Here’s a general question for you. What lasts, in our world?

What really and truly stands the test of time, avoiding the cosmic laws of entropy and decay?

It sure isn’t capacitive touch screens in a home with toddlers; I’ll tell you that.

Stories endure.

Guy meets girl, a man out-of-place, rags to riches, the quest, voyage and return; love conquers all – these are lasting tales that have been told since mankind knew how to tell them.

  • “Once upon a time…”
  • “A long time ago in a galaxy far, far away…”
  • “It was the best of times; it was the worst of times.”
  • “RAGE. Sing, Goddess, Achilles’ rage…”
  • “Hello. My name’s Forrest. Forrest Gump. Do you want a chocolate?”

Stories are immortal.

Why Storytelling?

Why do we tell stories?

American literary scholar Jonathan Gottschall says it’s because we can’t help it.

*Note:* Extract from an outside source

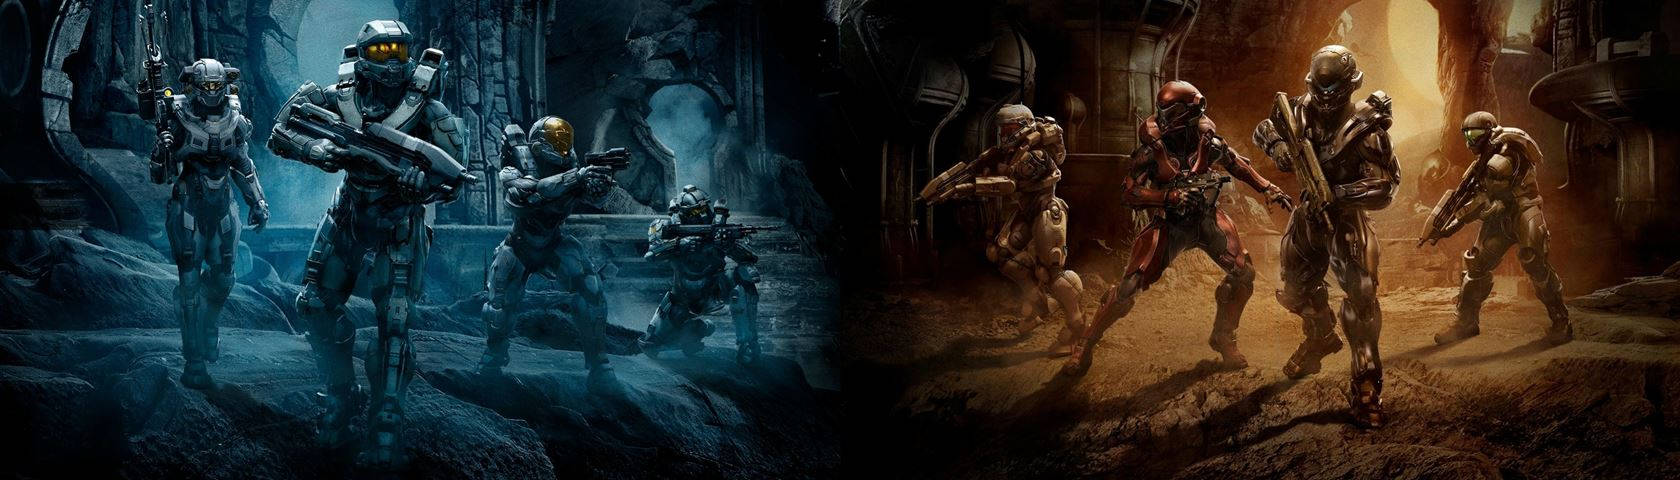 Halo 5 Guardians Dual Screen Wallpaper

We have to turn things that aren’t stories into stories, to be able to understand them and accept them. Take any example of the last conversation you had. Which one didn’t include an incident (read: story)? “Guess what happened the other day…” “When John and I…” “On Monday I…”

Frank Rose, the author of The Art of Immersion, says, “We use stories to make sense of our world and to share that understanding with others. They are the signal within the noise.”

In an article in The Atlantic, titled “The Psychological Comforts of Storytelling,” Cody Delistraty writes:

Stories can be a way for humans to feel that we have control over the world. They allow people to see patterns where there is chaos, meaning where there is randomness. Humans are inclined to see narratives where there are none because it can afford meaning to our lives—a form of existential problem-solving.

Understanding, acceptance, control, problem-solving – it appears we tell stories because we have to. To be human and sentient, we need a narrative.

We tell stories because they make us feel. We tell them because they’re thrilling, victorious, heartbreaking, terrifying, thought-provoking, inspiring, and insane.

Take the tales that have survived through out time. 

There’s nothing like your first time seeing the Death Star blown to bits. King Lear’s anguish as Cordelia lies dead in his arms (or many, many other Shakespeare tragedies) pulls at our heartstrings in a way few other things do. The story of Jesus has moved billions of people across the globe and throughout history.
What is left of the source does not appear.